Hi Bryan, I wrote the current regex API, so your suggestions are interesting to me. The also goes for anyone else's regex API opinions, of course. Bryan O'Sullivan wrote:
Ketil Malde wrote:
Python used to do pretty well here compared to Haskell, with rather efficient hashes and text parsing, although I suspect ByteString IO and other optimizations may have changed that now.
It still does just fine. For typical "munge a file with regexps, lists, and maps" tasks, Python and Perl remain on par with comparably written Haskell. This because the scripting-level code acts as a thin layer of glue around I/O, regexps, lists, and dicts, all of which are written in native code.
The Haskell regexp libraries actually give us something of a leg down with respect to Python and Perl.
True, the pure Haskell library is not as fast as a C library. In particular, the current regex-tdfa handles lazy bytestring in a sub-optimal manner. This may eventually be fixed. But the native code libraries have also been wrapped in the same API, and they are quite fast when combined with strict ByteStrings.

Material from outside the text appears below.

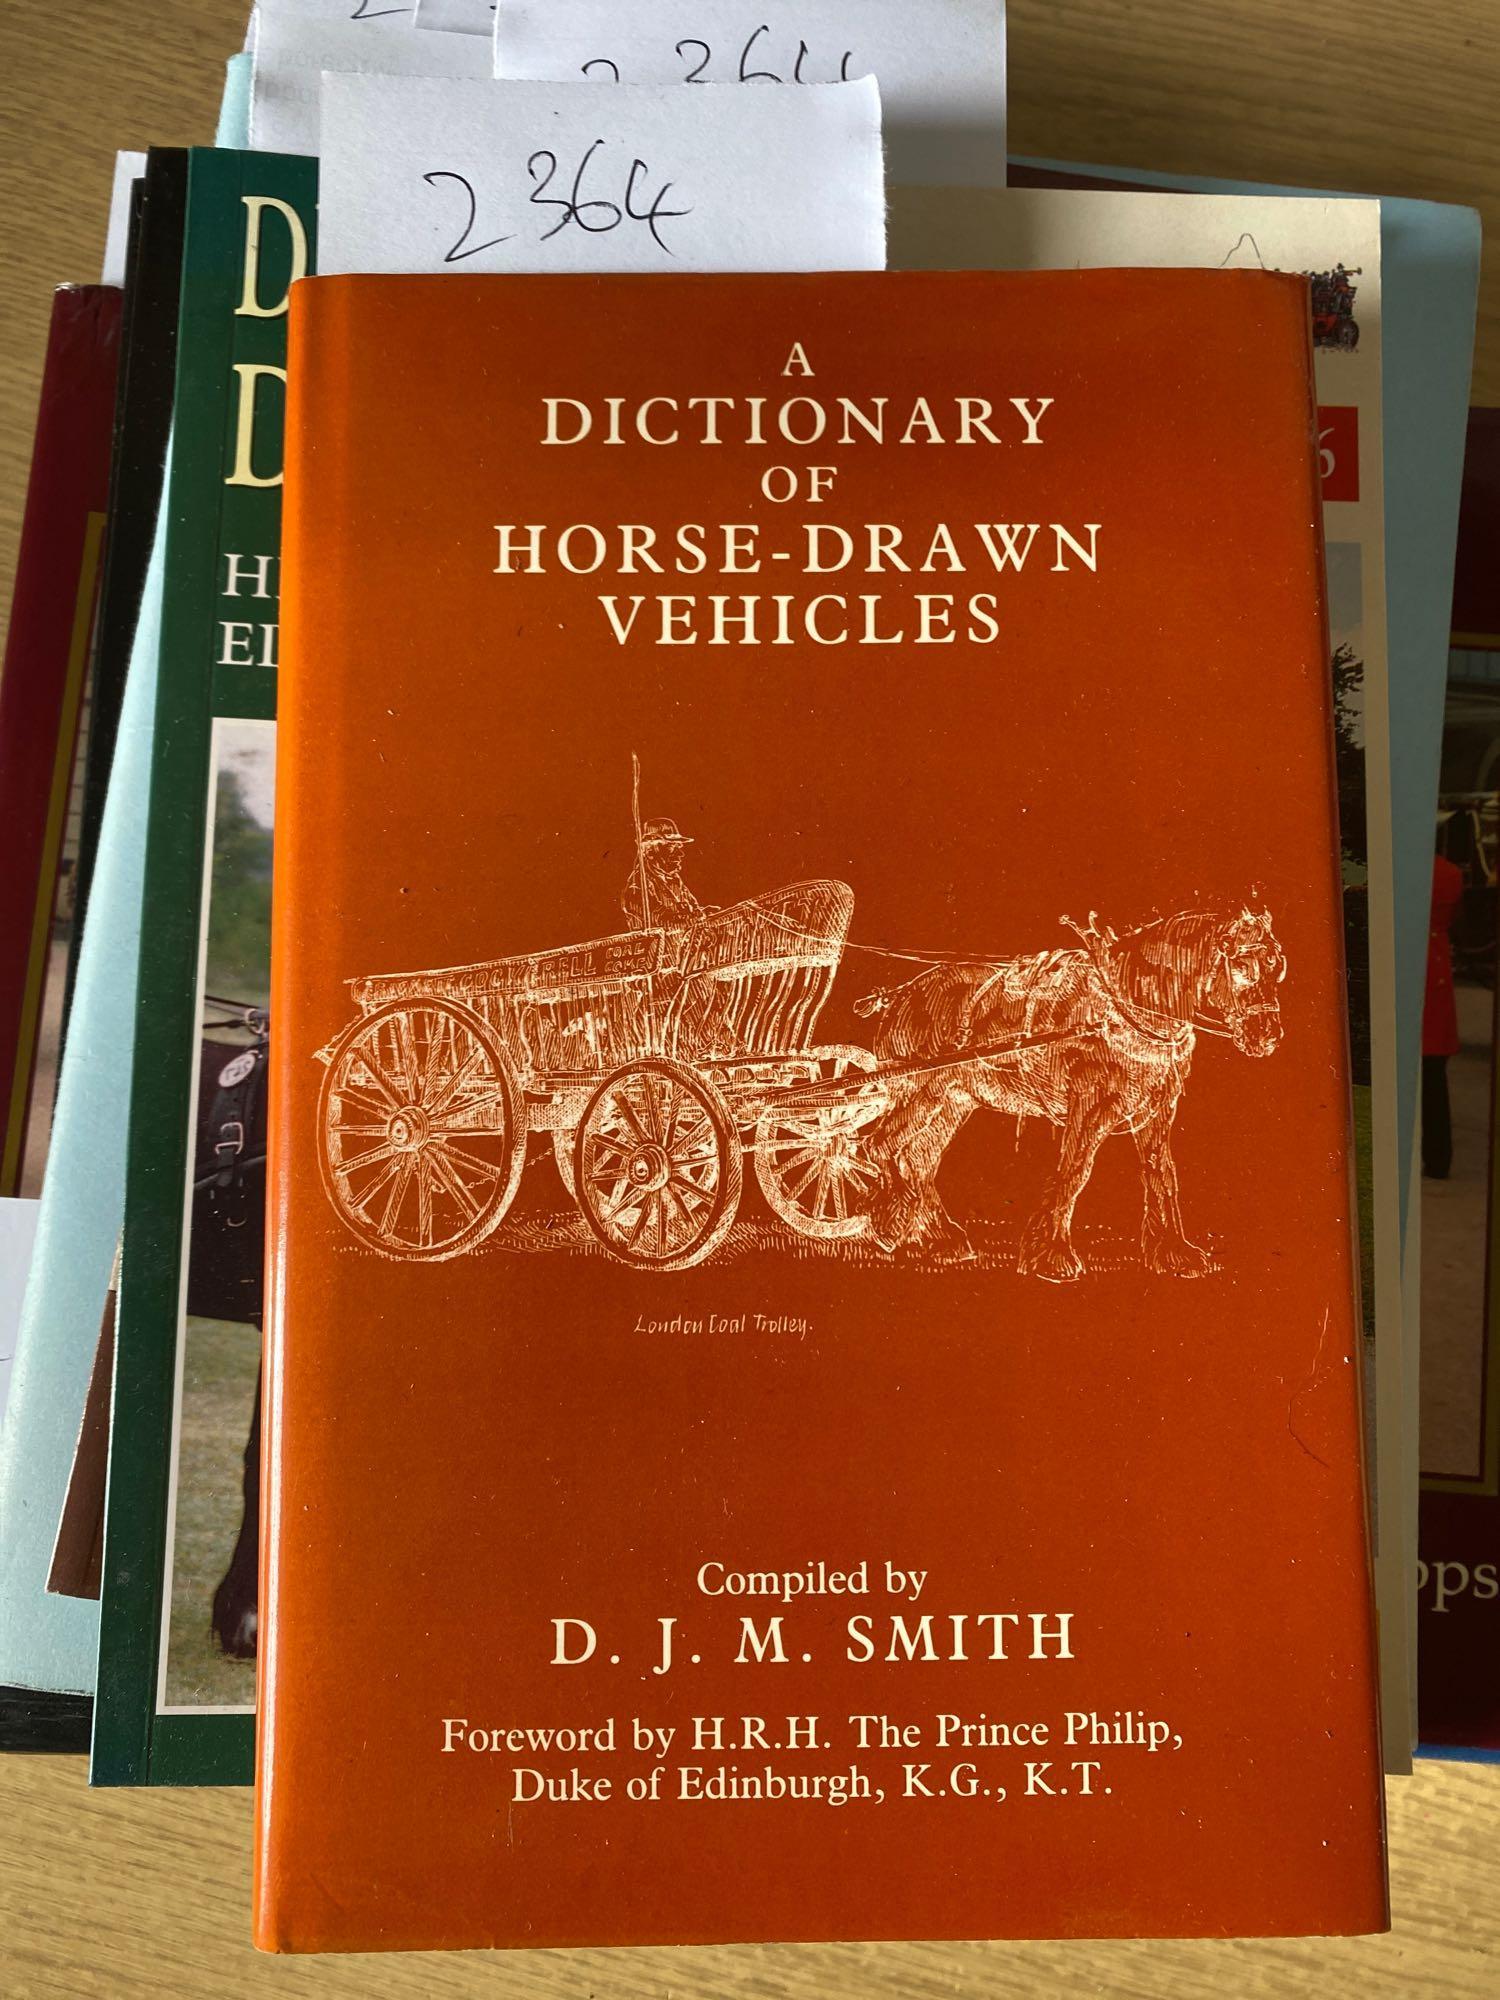 Nine books on horse-drawn vehicles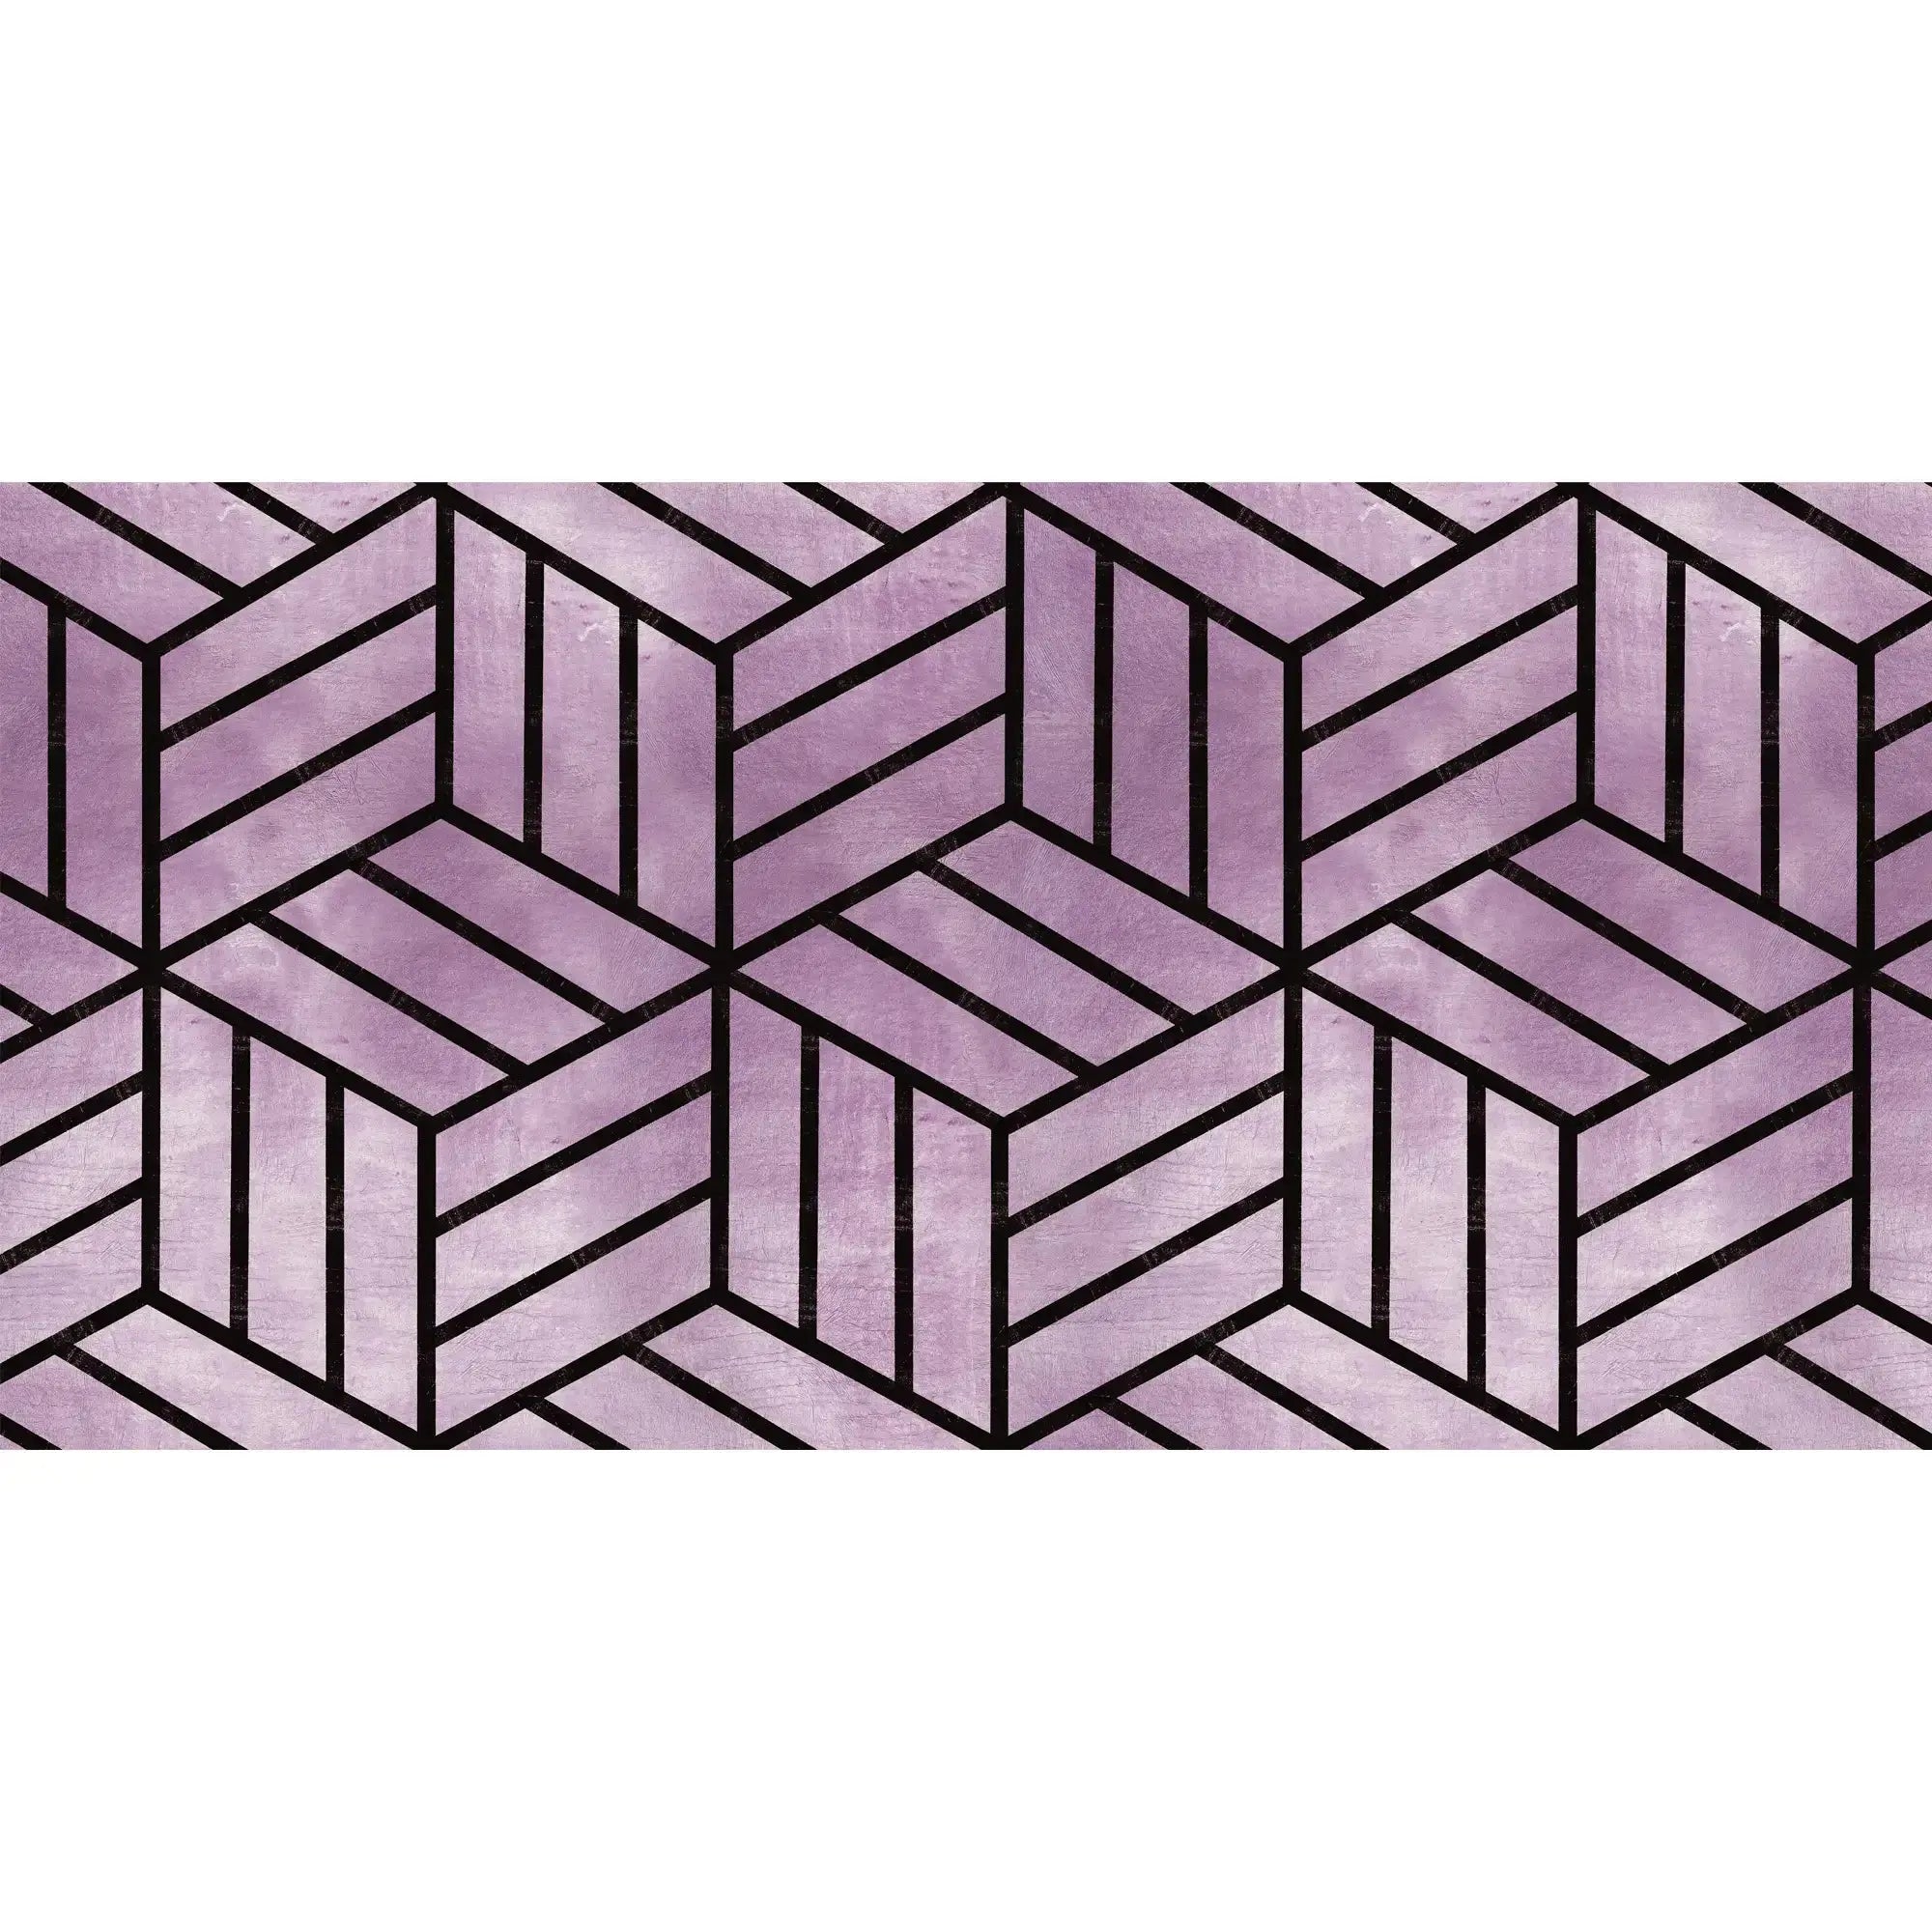 3133-D / Peel and Stick Geometric Wallpaper, Geometric Tile Design, Contemporary Geometric Line Wallpaper - Artevella

The aggressive use of polymorphism in the return type of (=~) makes it hard to remember which of the possible return types gives me what information. Not only did I write a regexp tutorial to understand the API in the first place, I have to reread it every time I want to match a regexp.
The (=~) operator uses many return types provided by the instances of RegexContext. These are all thin wrappers around the unpolymorphic return types of the RegexLike class. So (=~) could be avoided altogether, or another API created.
A suitable solution would be a return type of RegexpMatch a => Maybe a (to live alongside the existing types, but aiming to become the one that's easy to remember), with appropriate methods on a, but I don't have time to write up a patch.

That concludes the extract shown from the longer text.